[Task to carry out]: Copy out all the lines of the data precisely, omitting any pictures.

[Recorded data]:
-----

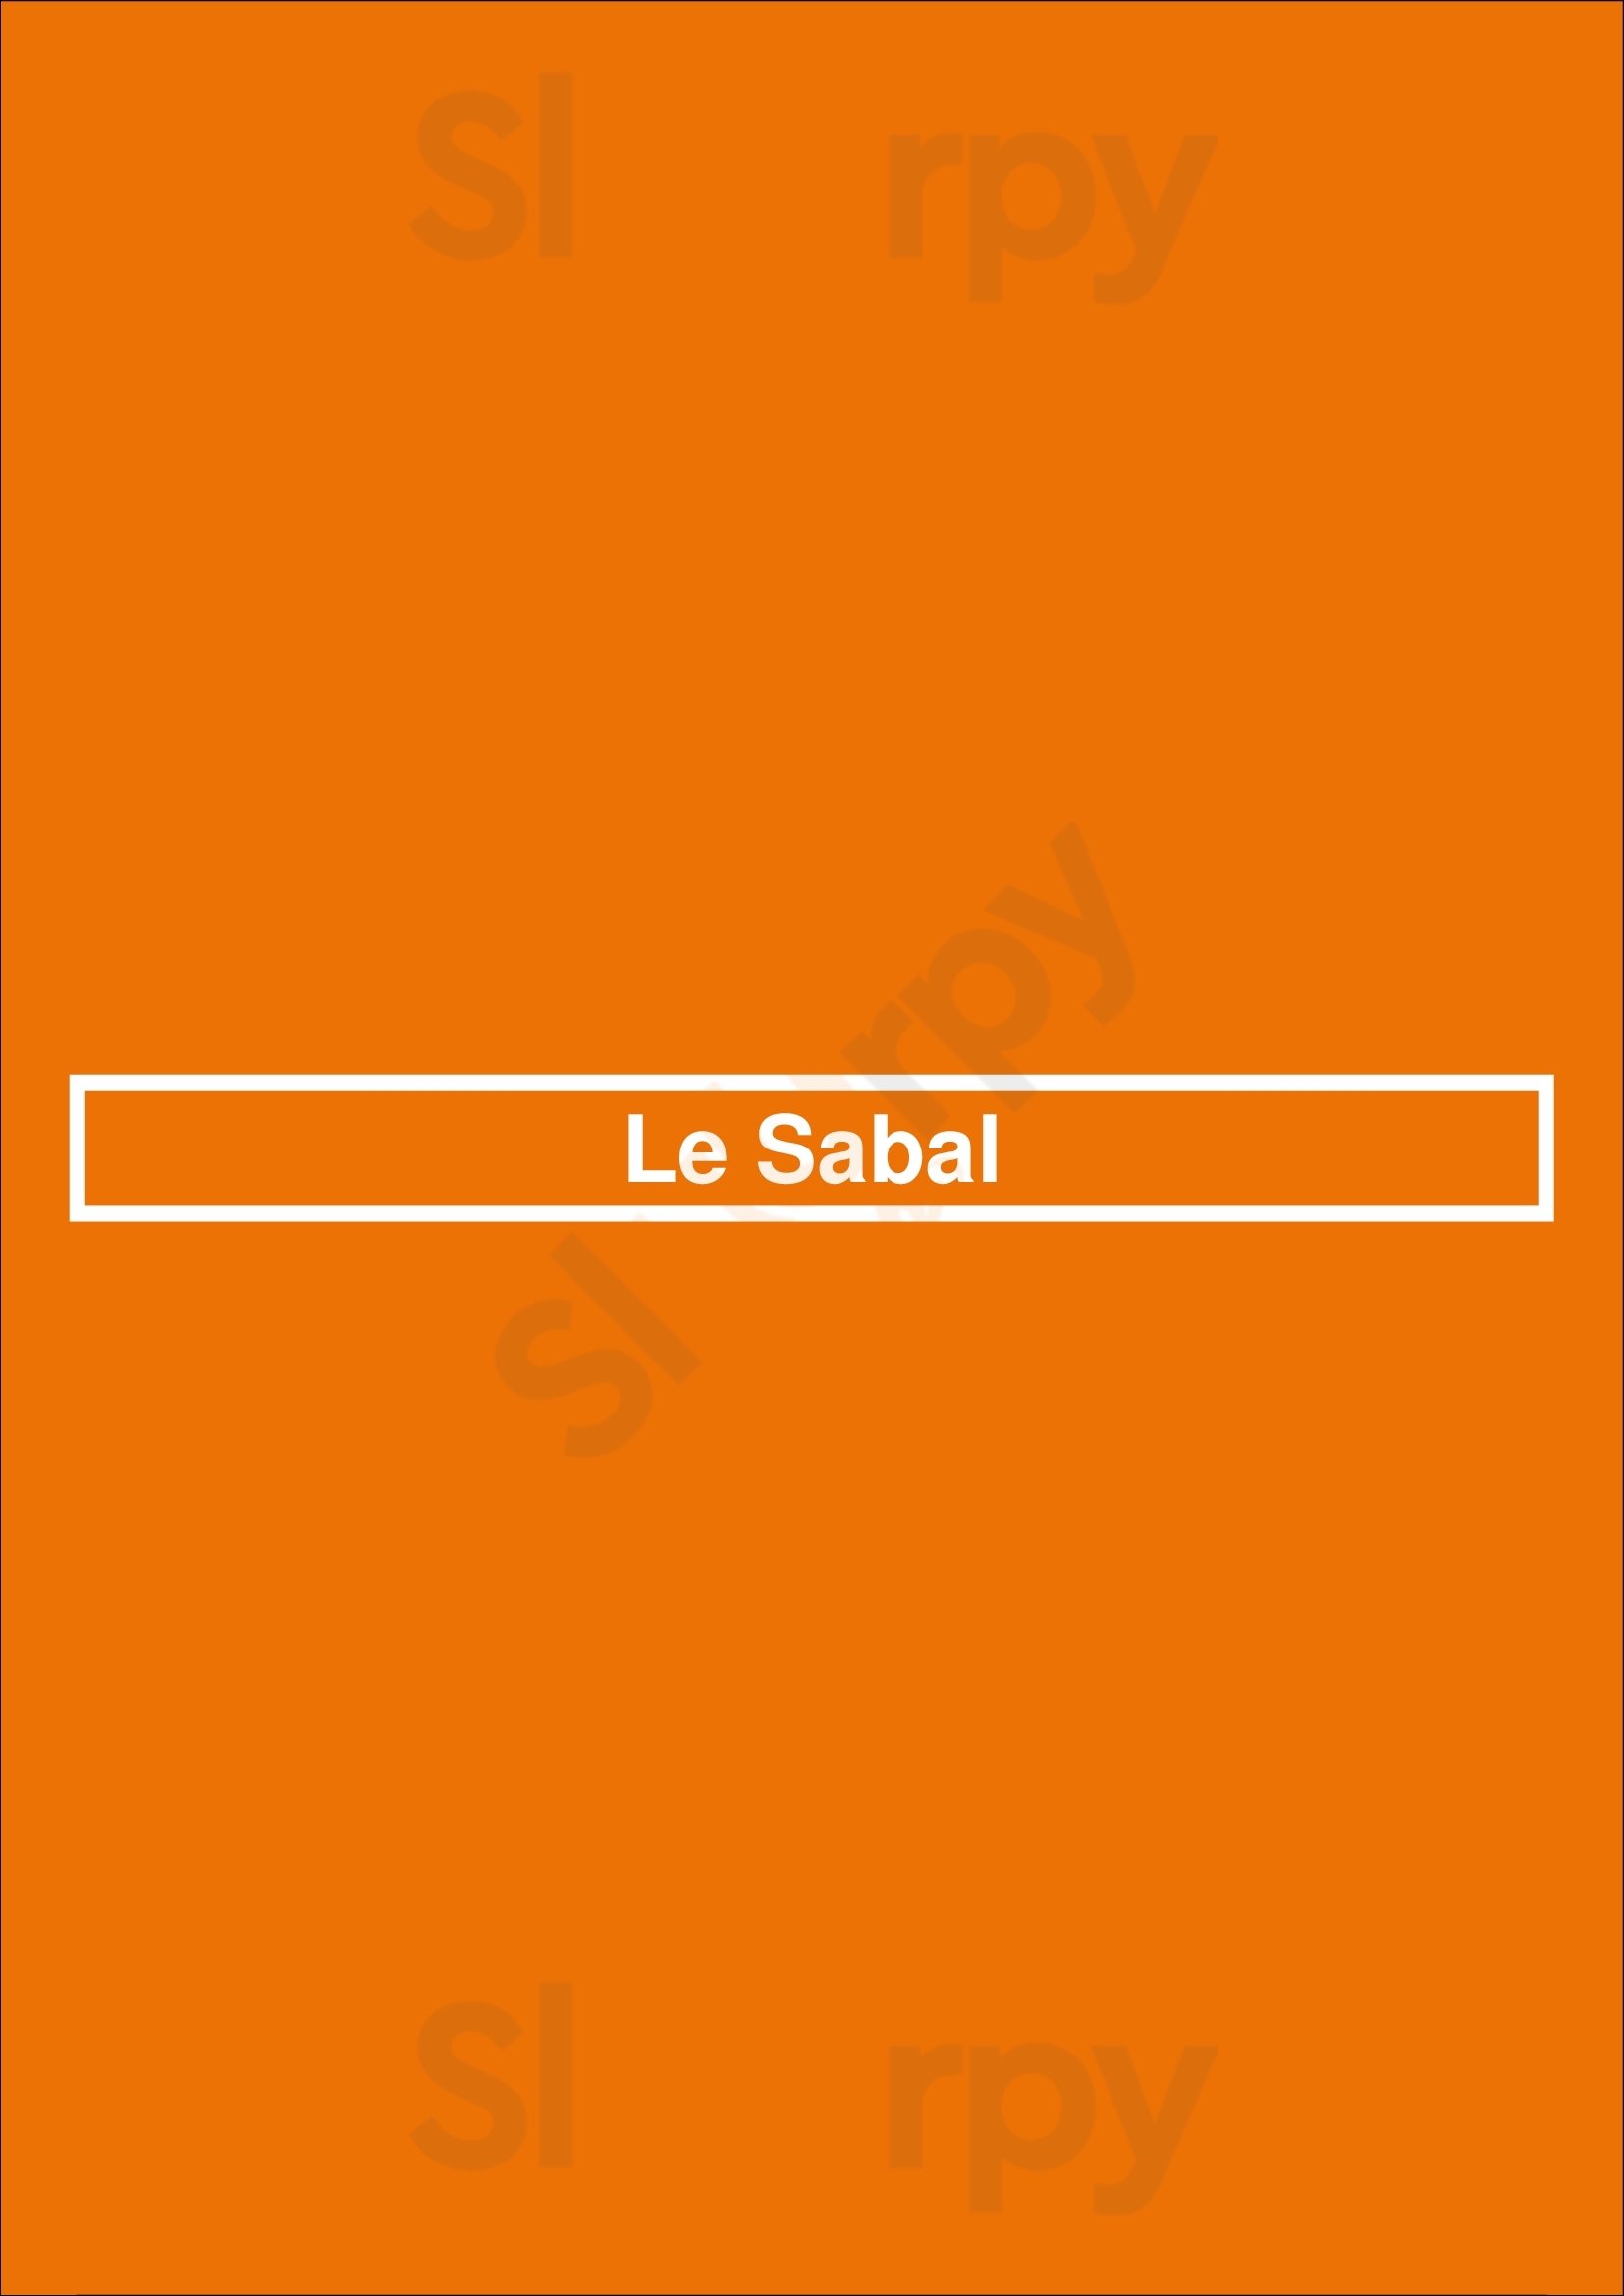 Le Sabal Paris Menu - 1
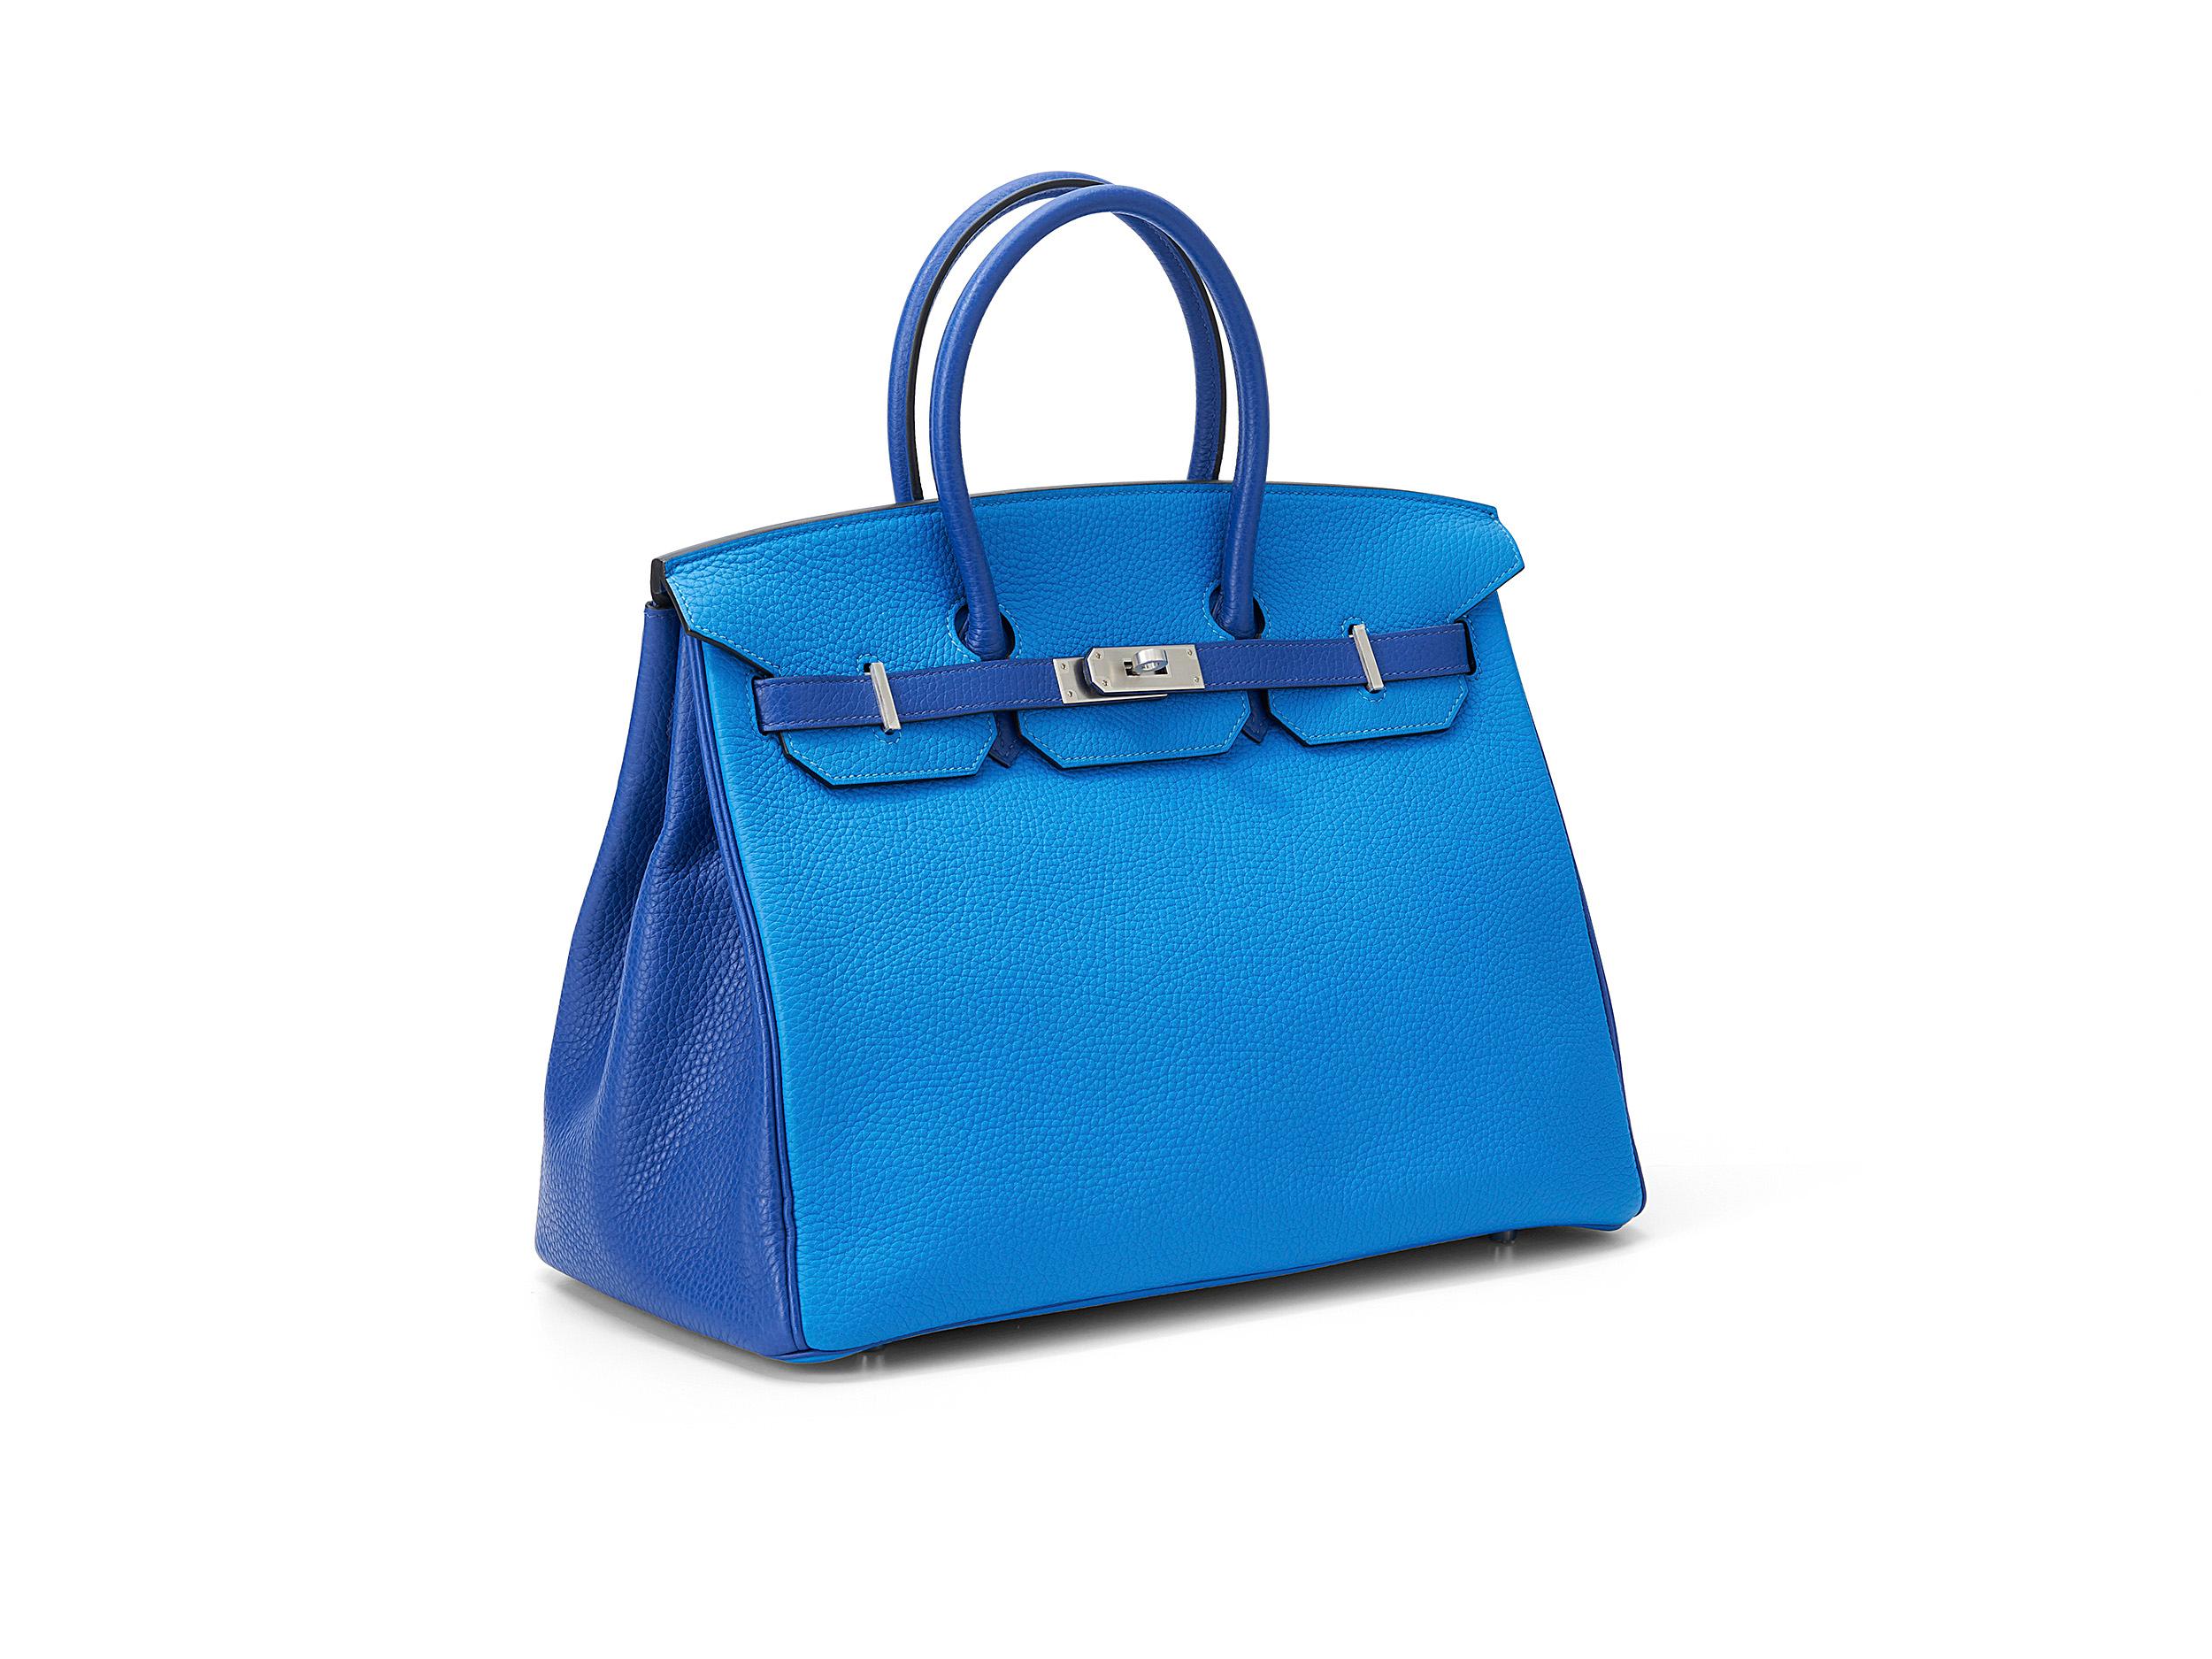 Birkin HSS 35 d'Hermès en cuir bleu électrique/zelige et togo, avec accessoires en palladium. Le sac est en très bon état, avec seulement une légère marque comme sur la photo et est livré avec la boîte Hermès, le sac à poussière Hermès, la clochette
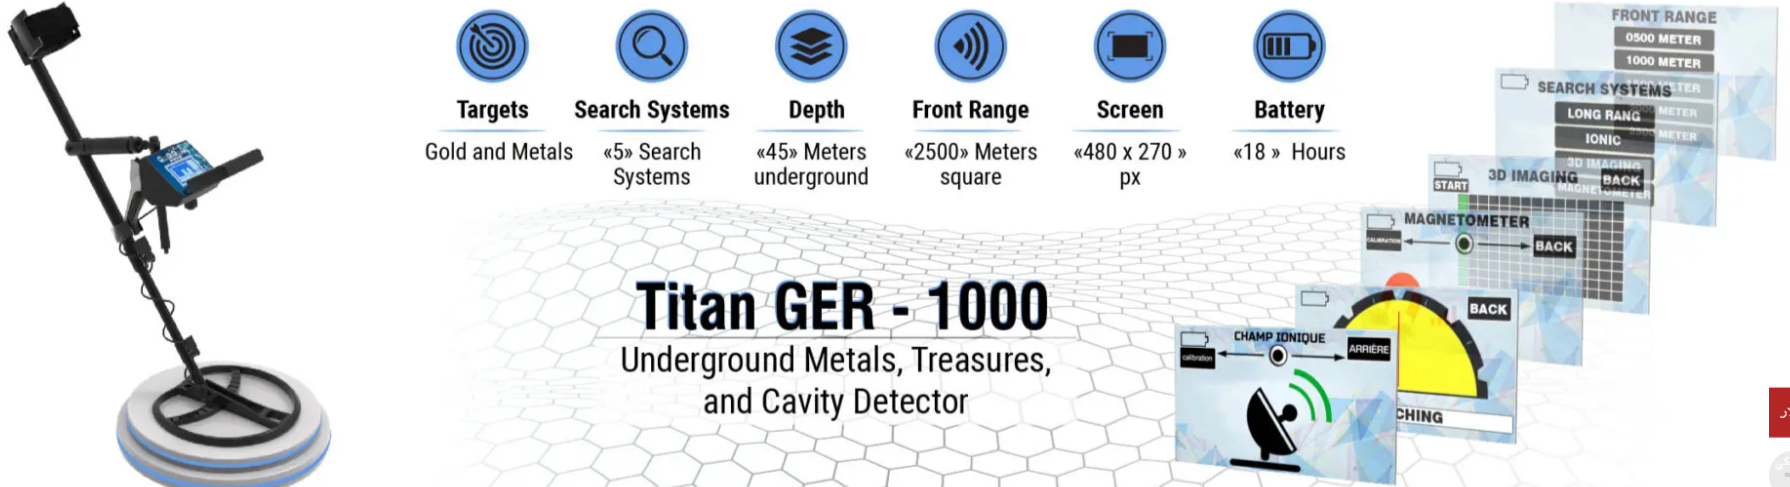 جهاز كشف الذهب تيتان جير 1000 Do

-----

[Solution for this problem]:
 Le Sabal Paris Menu - 1
 Birkin HSS 35 d'Hermès en cuir bleu électrique/zelige et togo, avec accessoires en palladium. Le sac est en très bon état, avec seulement une légère marque comme sur la photo et est livré avec la boîte Hermès, le sac à poussière Hermès, la clochette
 جهاز كشف الذهب تيتان جير 1000 Do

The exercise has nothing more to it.